🤖 AI Summary
Consistency models (CMs) currently rely on knowledge distillation from pretrained diffusion models (DMs) to emulate classifier-free guidance (CFG), resulting in high computational overhead, limited flexibility, and saturation artifacts at high guidance scales. To address these limitations, we propose iGCT—the first fully data-driven, DM-free, and distillation-free framework for controllable CM training. Its core innovations are: (1) a reversible network architecture coupled with reversible guidance training, enabling end-to-end guided learning; and (2) a guidance-consistency loss that explicitly models conditional guidance dynamics to mitigate artifacts. Evaluated on CIFAR-10 and ImageNet64, iGCT achieves substantial improvements in FID and precision. At guidance scale 13, it attains a precision of 0.80—representing a 69% relative improvement over the baseline DM (0.47)—while significantly reducing both training and inference costs.
📝 Abstract
Guidance in image generation steers models towards higher-quality or more targeted outputs, typically achieved in Diffusion Models (DMs) via Classifier-free Guidance (CFG).
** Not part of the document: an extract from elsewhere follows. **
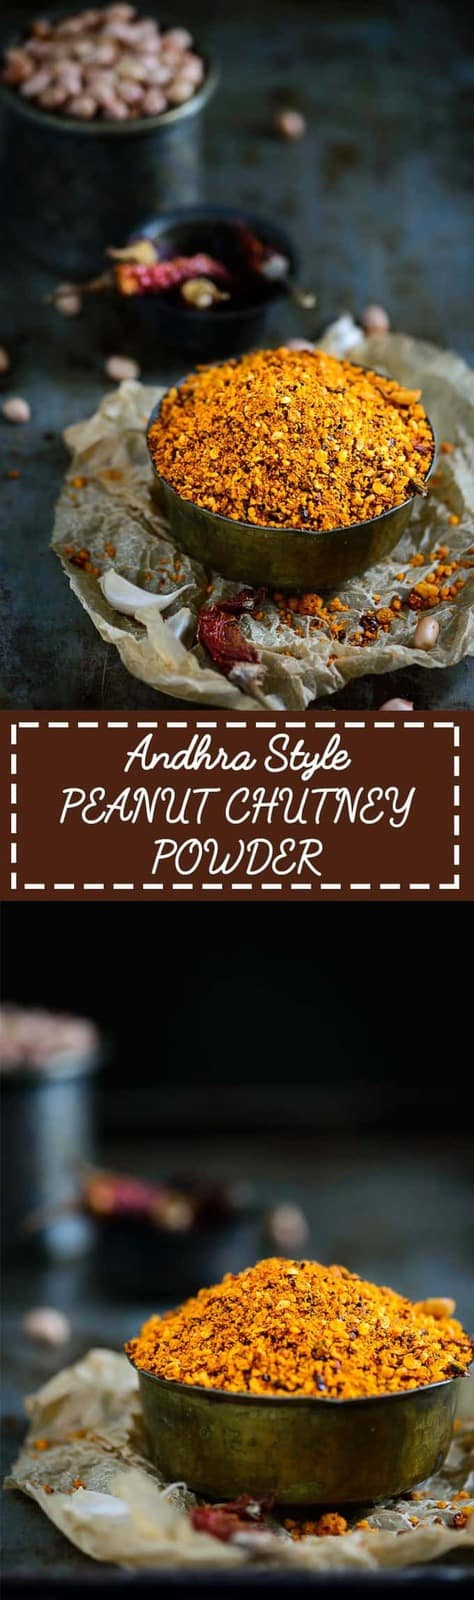 Andhra Style Peanut Powder

However, recent Consistency Models (CMs), which offer fewer function evaluations, rely on distilling CFG knowledge from pretrained DMs to achieve guidance, making them costly and inflexible. In this work, we propose invertible Guided Consistency Training (iGCT), a novel training framework for guided CMs that is entirely data-driven. iGCT, as a pioneering work, contributes to fast and guided image generation and editing without requiring the training and distillation of DMs, greatly reducing the overall compute requirements. iGCT addresses the saturation artifacts seen in CFG under high guidance scales. Our extensive experiments on CIFAR-10 and ImageNet64 show that iGCT significantly improves FID and precision compared to CFG. At a guidance of 13, iGCT improves precision to 0.8, while DM's drops to 0.47. Our work takes the first step toward enabling guidance and inversion for CMs without relying on DMs.